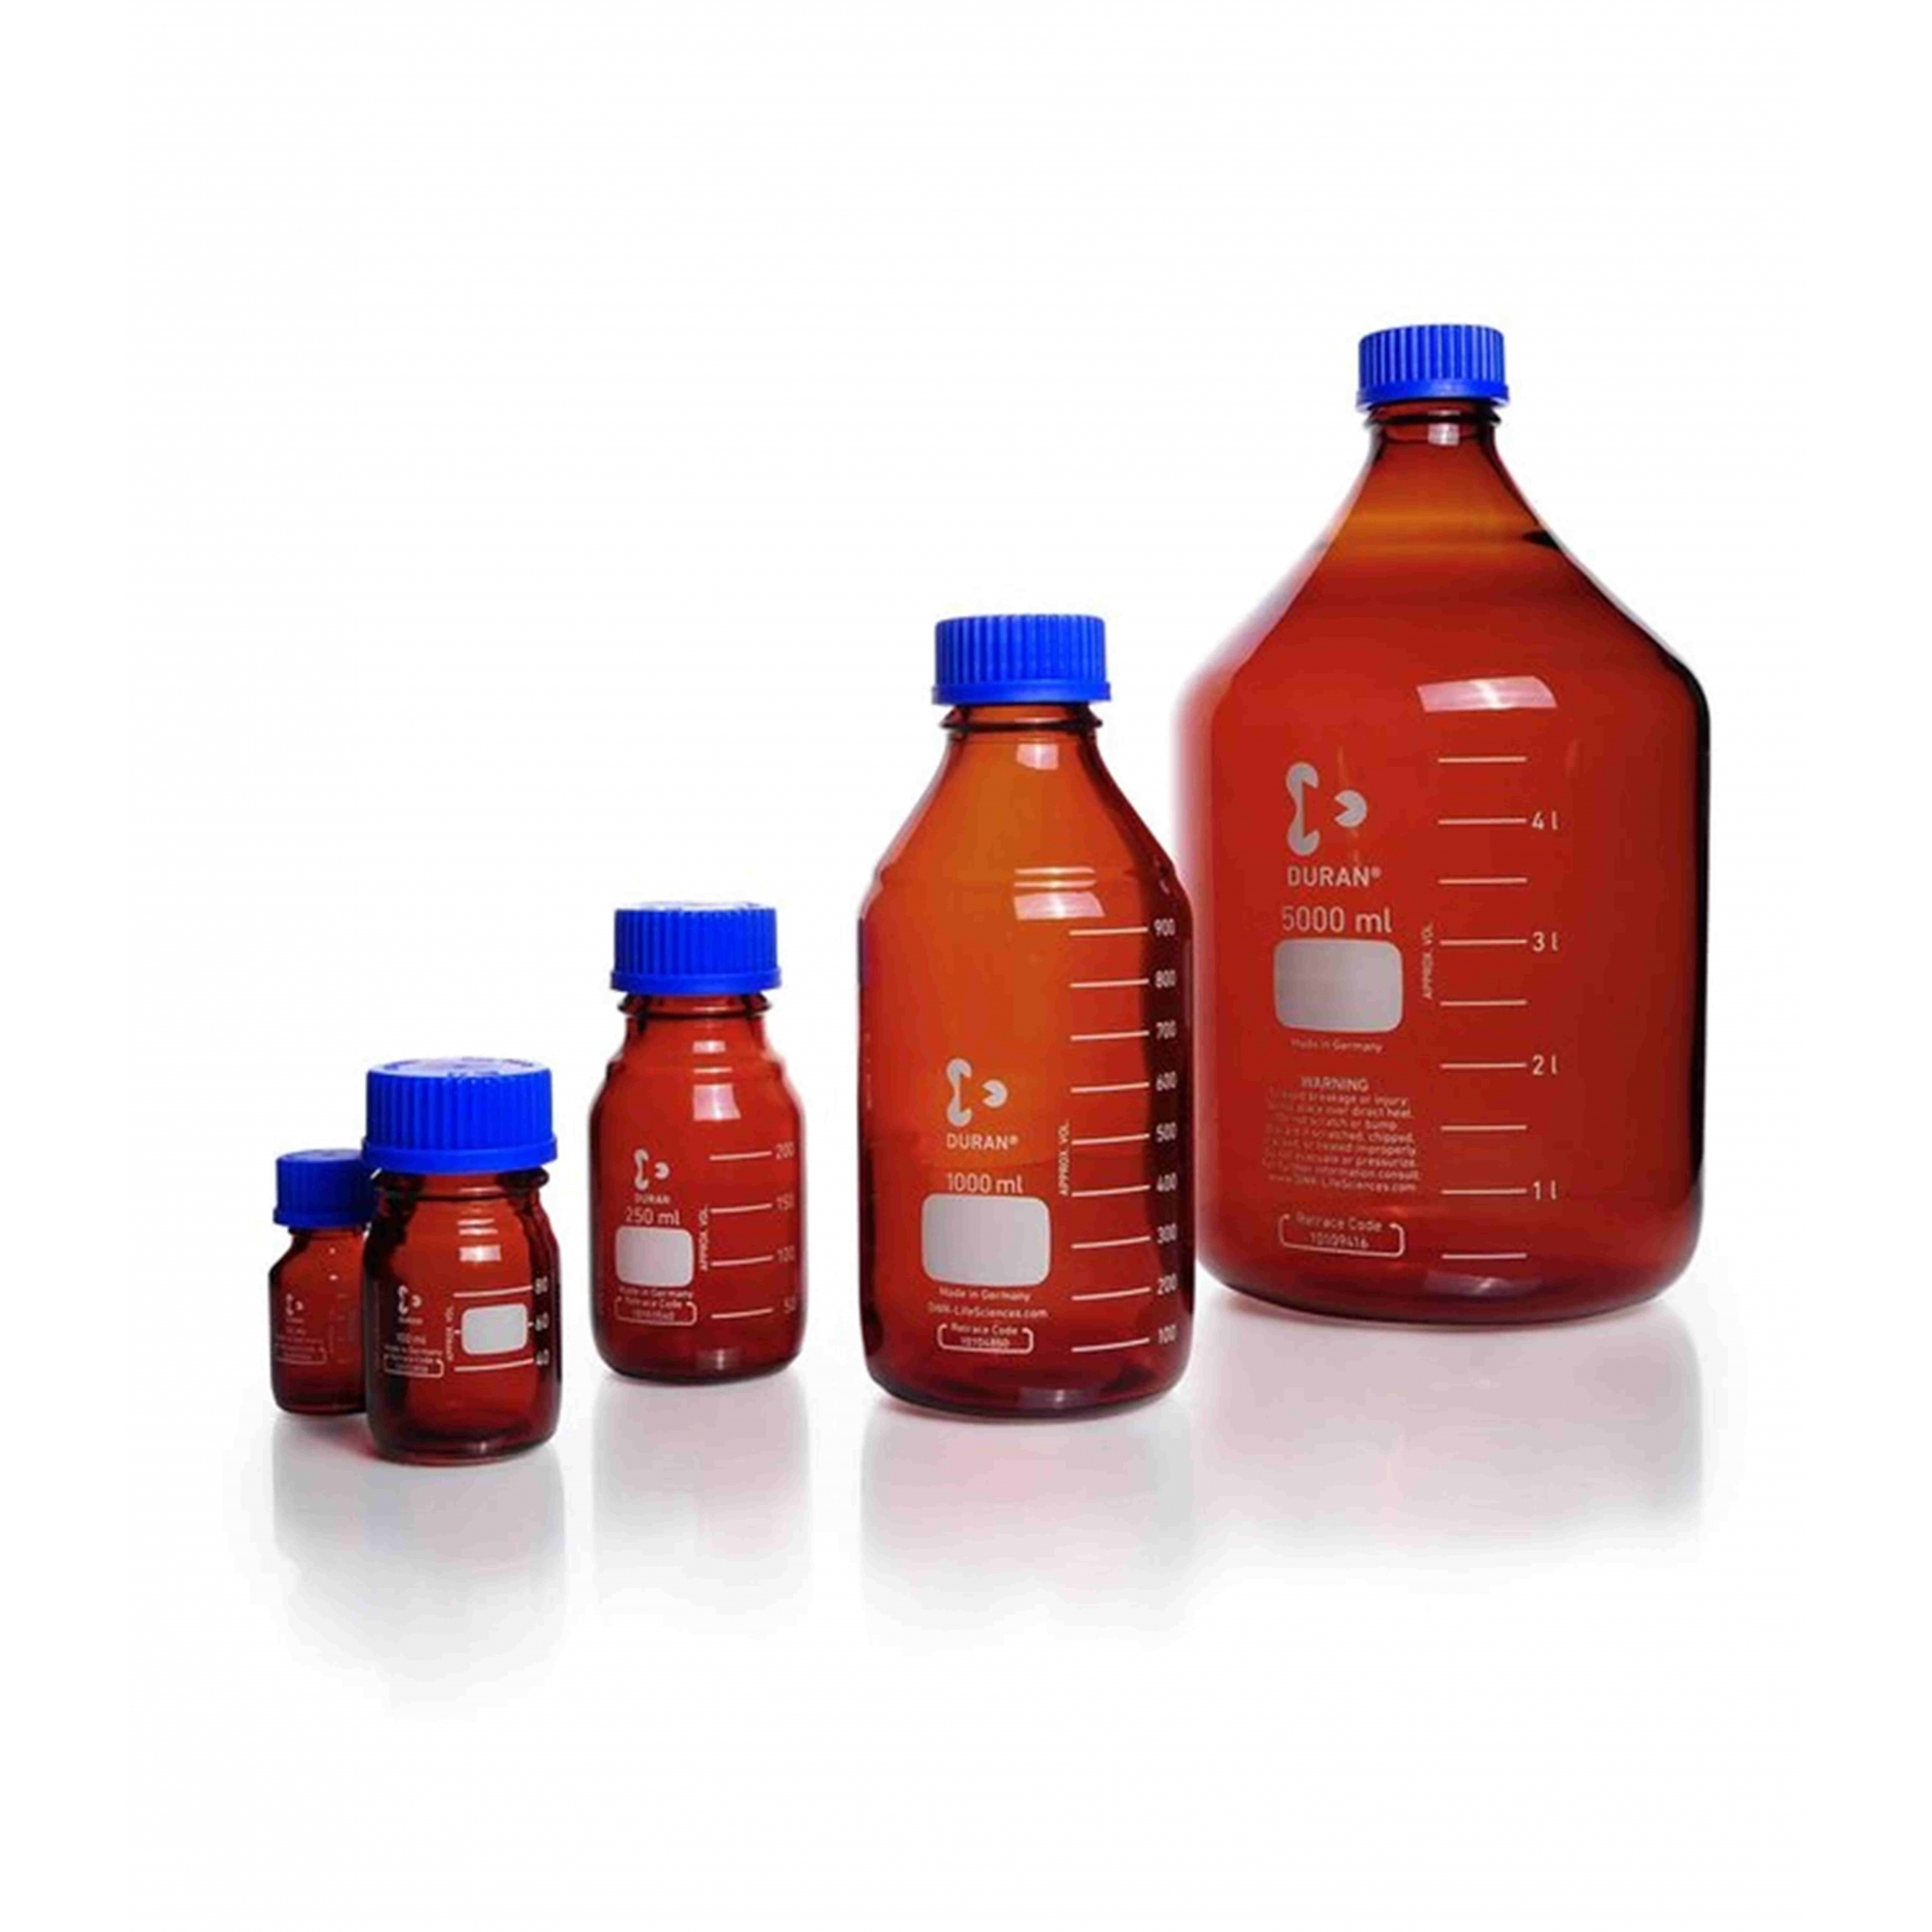 Frasco Reagente Âmbar Tampa Azul 150 ml - Schott - Cód. 21806295
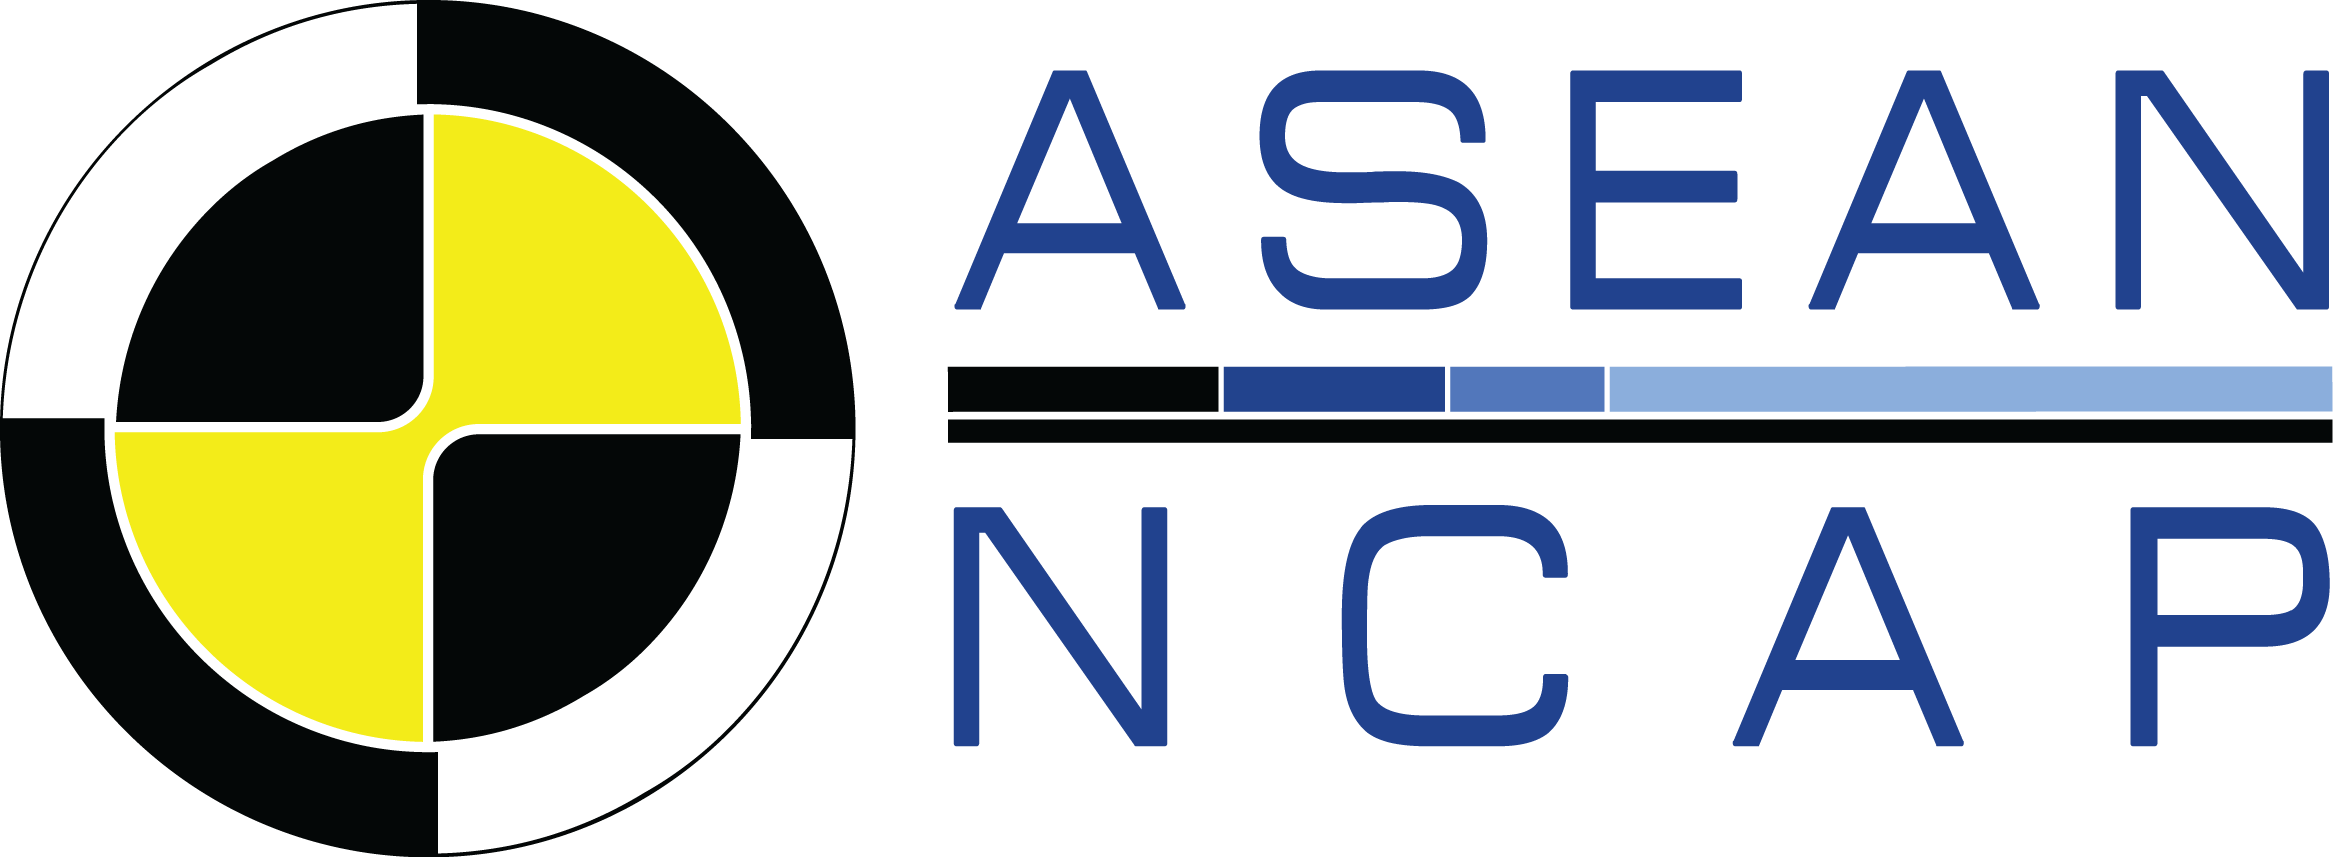 File:ASEAN NCAP LOGO.png - Wikimedia Commons
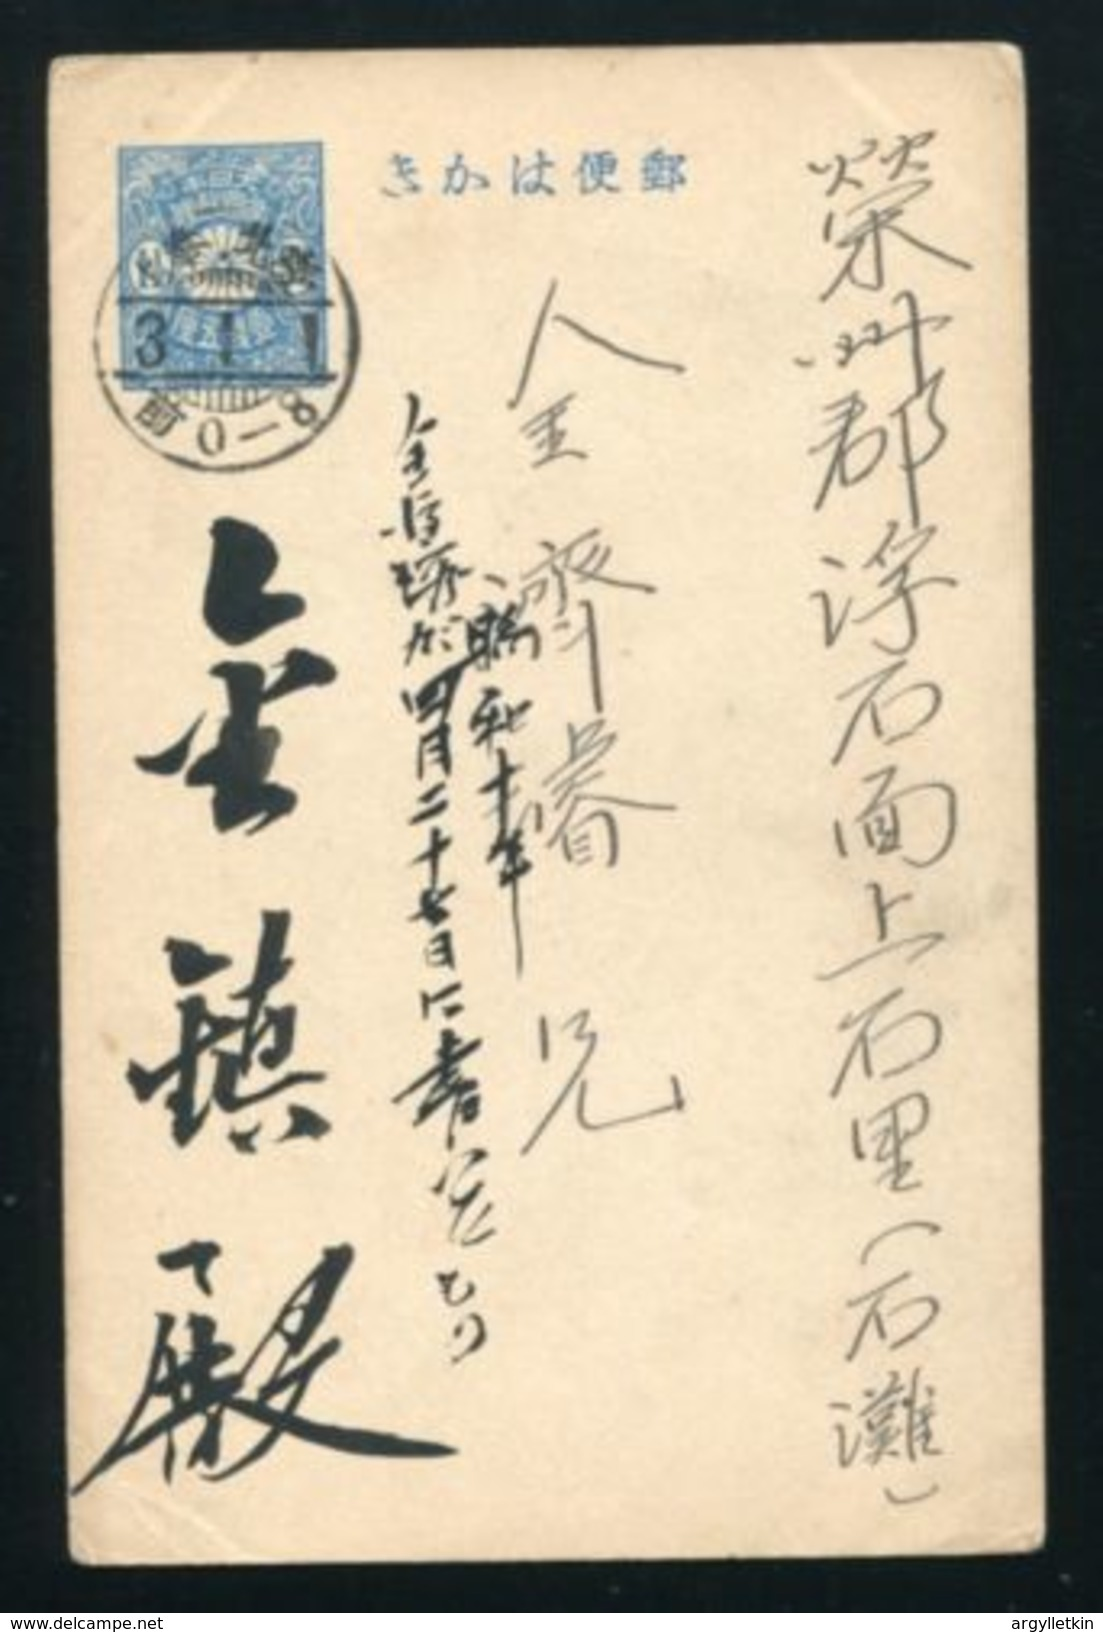 KOREA JAPAN 1925 STATIONERY KYONG BUK BUNG SAN - Korea (...-1945)
◇ ◇ ◇
Retype only the lines from the line with "File:ASEAN NCAP LOGO.png - Wikimedia Commons" through the last line of the data. Keep both ends and skip the pictures.

 File:ASEAN NCAP LOGO.png - Wikimedia Commons
 KOREA JAPAN 1925 STATIONERY KYONG BUK BUNG SAN - Korea (...-1945)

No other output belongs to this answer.